Мраморный пол под ногами Берёзки превратился в бурное море, и она из последних сил попыталась вернуть себе власть над голосом. Речь, которую она заготовила, разбилась вдребезги о голубой хрусталь, и Берёзка сумела пролепетать только:

– Государыня Лесияра... Мы пришли просить о помощи нашему городу...

Взмах пальцев, унизанных перстнями – и уста Берёзки онемели, а вокруг светловолосой госпожи сомкнулся золотой ореол солнечного полудня в вишнёвом саду. Тот самый голос, который звал её в пророческом видении, прозвучал гулко, будто из колодца:

– Дитя моё, я рада приветствовать тебя... Но позволь исправить твою ошибку: я не Лесияра, я её дочь Светолика, наследница белогорского престола. Южный пограничный отряд подчиняется непосредственно мне, поэтому вы оказались в моих владениях. Всё, что ты хотела сказать моей родительнице, государыне Лесияре, ты можешь изложить мне, а я не замедлю явиться к ней с подробным докладом, не упуская ни одного слова с твоих прелестных уст.

Берёзка захлебнулась в сиянии ожившего сна и утонула в мраморном море пола, не успев даже уцепиться за плот – ковровую дорожку.


*


Прекрасная смуглянка Горинка гуляла по одевшемуся в осенний наряд саду и срывала с веток душистые яблоки, а у Светолики назревало ощущение: что-то не так со всем этим. Невеста нравилась ей так же, как всегда нравились все обворожительные девушки, но не более. Княжна искала в своём сердце нечто особое, что должно происходить между назначенными друг другу судьбой половинками – какую-то колдовскую связь, золотую нить, светлую пуповину любви, но находила лишь осенний ветер и неотступную тревогу.

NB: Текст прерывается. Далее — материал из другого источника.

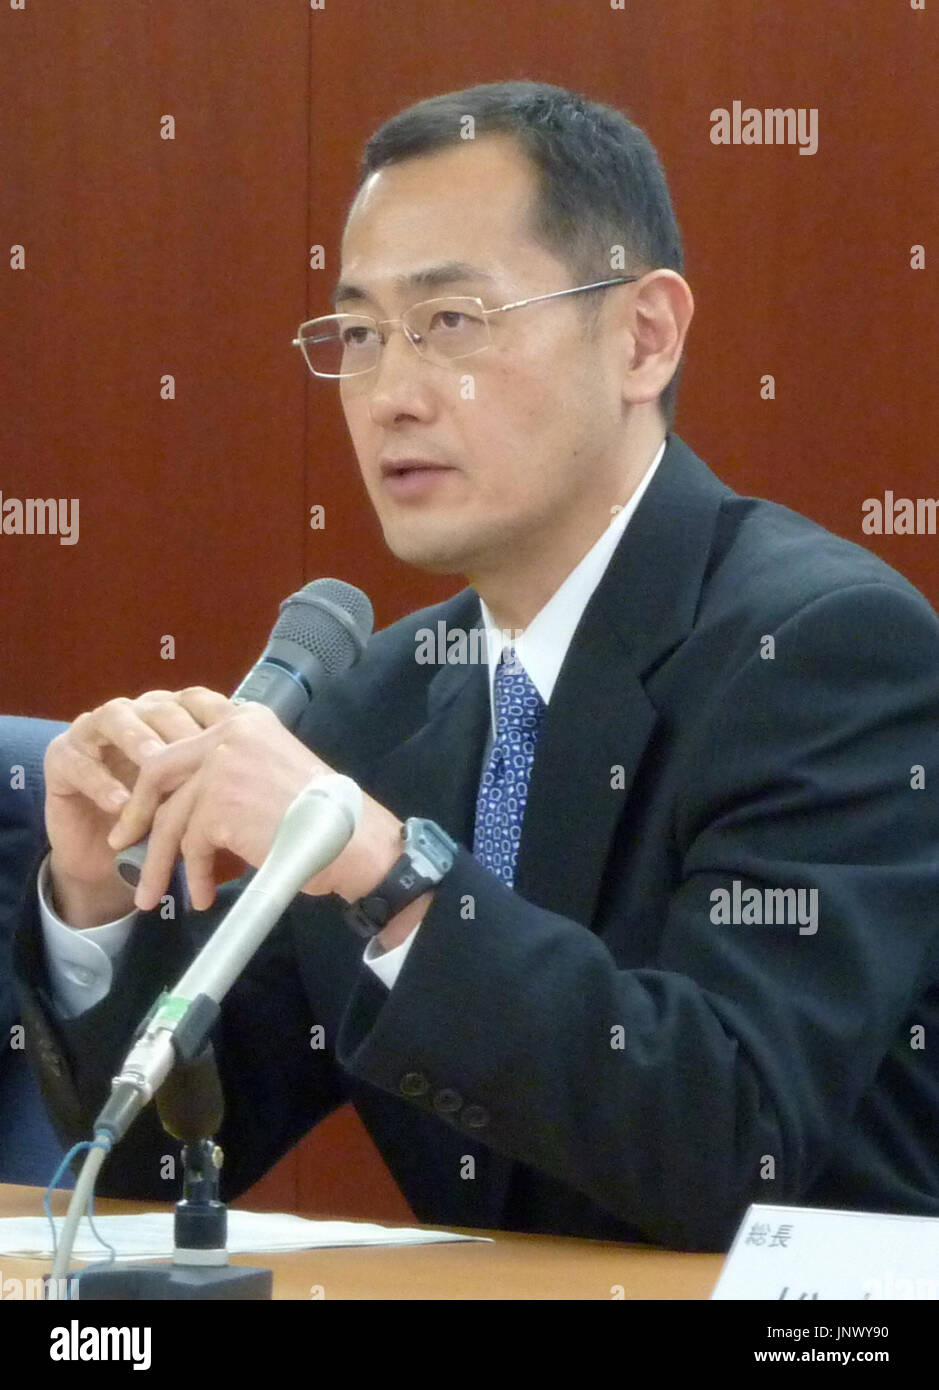 KYOTO, Japan - Kyoto University professor Shinya Yamanaka, who has developed induced pluripotent stem cell, or iPSC, technologies, speaks at a press conference in Kyoto on Feb. 1, 2011, after U.S. venture iPierian Inc. assigned its patent estate for iPSCs to Kyoto University in a bid to avoid a dispute with Yamanaka. (Kyodo) Stock Photo

Некогда она жаловалась на отсутствие снов-знаков, но теперь каждую ночь ей виделись тонкие пальцы, тянущие наполненную светом нить, и много мотков пряжи вокруг, а над всем этим реяло горьким знаменем чёрное вдовье покрывало. Теряясь в догадках о том, как эти сны истолковать, Светолика не говорила невесте ни слова о своём тайном смущении, лишь улыбалась в ответ и целовала протянутые ей губки. Горинка уже чувствовала себя в заряславском поместье княжны как дома, переселившись к своей избраннице: по обычаю, наречённые жили перед свадьбой вместе, дабы лучше друг друга узнать. К каким же заключениям о своей избраннице пришла за это время Светолика? Горинка любила красивые наряды и украшения, впрочем, ничего необычного в этом женском пристрастии как будто не было; также ей нравились увеселения и пиры – ни одной рыбалки и охоты она не желала пропускать, обожая жареную на углях дичь и рыбу. Куда только делась застенчивость, которую смуглолицая красавица проявила при их первой встрече!

– Наконец-то я отдохну от строгих правил, в которых меня держали дома родительницы! Как я устала от этих «ежовых рукавиц»! То нельзя, другое нельзя, – откровенно признавалась она. – И как же хорошо и привольно мне живётся у тебя, лада!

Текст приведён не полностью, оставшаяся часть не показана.